Here is the summary of A.Data$col, in case you might find it useful...
> summary (A.Data$col)
1 2 3 4 5 6 7 8 9 10 11 12 NA's
1128 703 538 256 156 30 2101 1039 741 294 73 60 11
Thank you!
Not tested, but this may work
map_column <- rep(c(0, 0.5, 1, 2, 4, NA),2)
df$newcol <- map_column[df$col]
EDIT: The idea behind this code is: map_column, which is a vector of length 12, serves here as a map (in the mathematical sense) between the numbers 1 to 12 and the values in the vector. For instance,
map_column[[1]]
returns the first element of the vector (0), and
map_column[[9]]
returns the 9th element of the vector (1), and so on. Now R vectors have the capability to process several inputs at once, so that
map_column[c(1,9)]
returns the corresponding elements (c(0,1)) at these positions in one go. Note that it is important to use a single square bracket [ instead of [[ here.
This works.
convert <- function(number){
if(number == 1 | number == 7){return(0)}
if(number == 2 | number == 8){return(.5)}
if(number == 3 | number == 9){return(1)}
if(number == 4 | number == 10){return(2)}
if(number == 5 | number == 11){return(4)}
if(number == 6 | number == 12){return(NA)}
}
A.Data$newcol <- do.call(rbind, lapply(A.Data$col, convert))
Use merge.
augment <- data.frame(col=1:12,conc=rep(c(0, 0.5, 1, 2, 4, NA),2))

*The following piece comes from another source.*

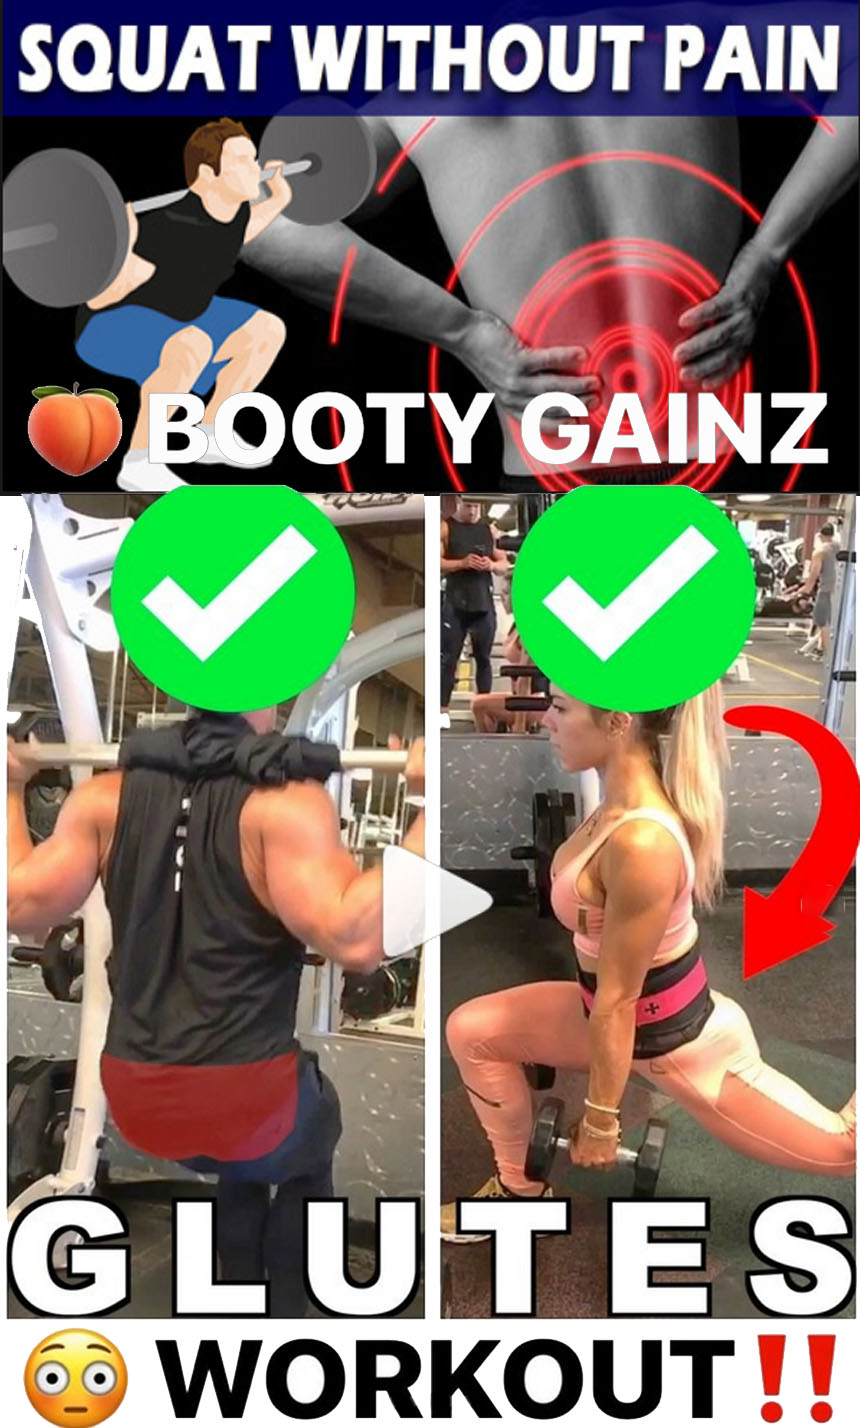 Glutes Workout & Squat Without Pain 

A.Data <-merge(A.Data,augment,by="col",sort=F)
A.Data
# col plate row TOF EXT green red yellow conc
# 1 12 1 A 20 21 2 0 0 NA
# 2 12 1 C 20 17 0 1 0 NA
# 3 11 1 C 20 17 0 0 1 4
# 4 10 1 A 20 16 1 1 3 2
# 5 10 1 A 20 16 0 0 0 2
# 6 10 1 A 20 15 0 0 0 2
This creates an an augment dataframe with 2 columns, col corresponding to col in A.Data, and conc with the augment. Then merge that with A.Data based on col.
Here's a very different approach based on mathematical and logical operations:
x <- c(1:12, NA) # an example vector including all possible values
floor(2 ^ (z <- x %% 6 - 2)) / 2 * (z + 2 | NA)
The result:
[1] 0.0 0.5 1.0 2.0 4.0 NA 0.0 0.5 1.0 2.0 4.0 NA NA
(I fear that this solution may appear like obfuscation.)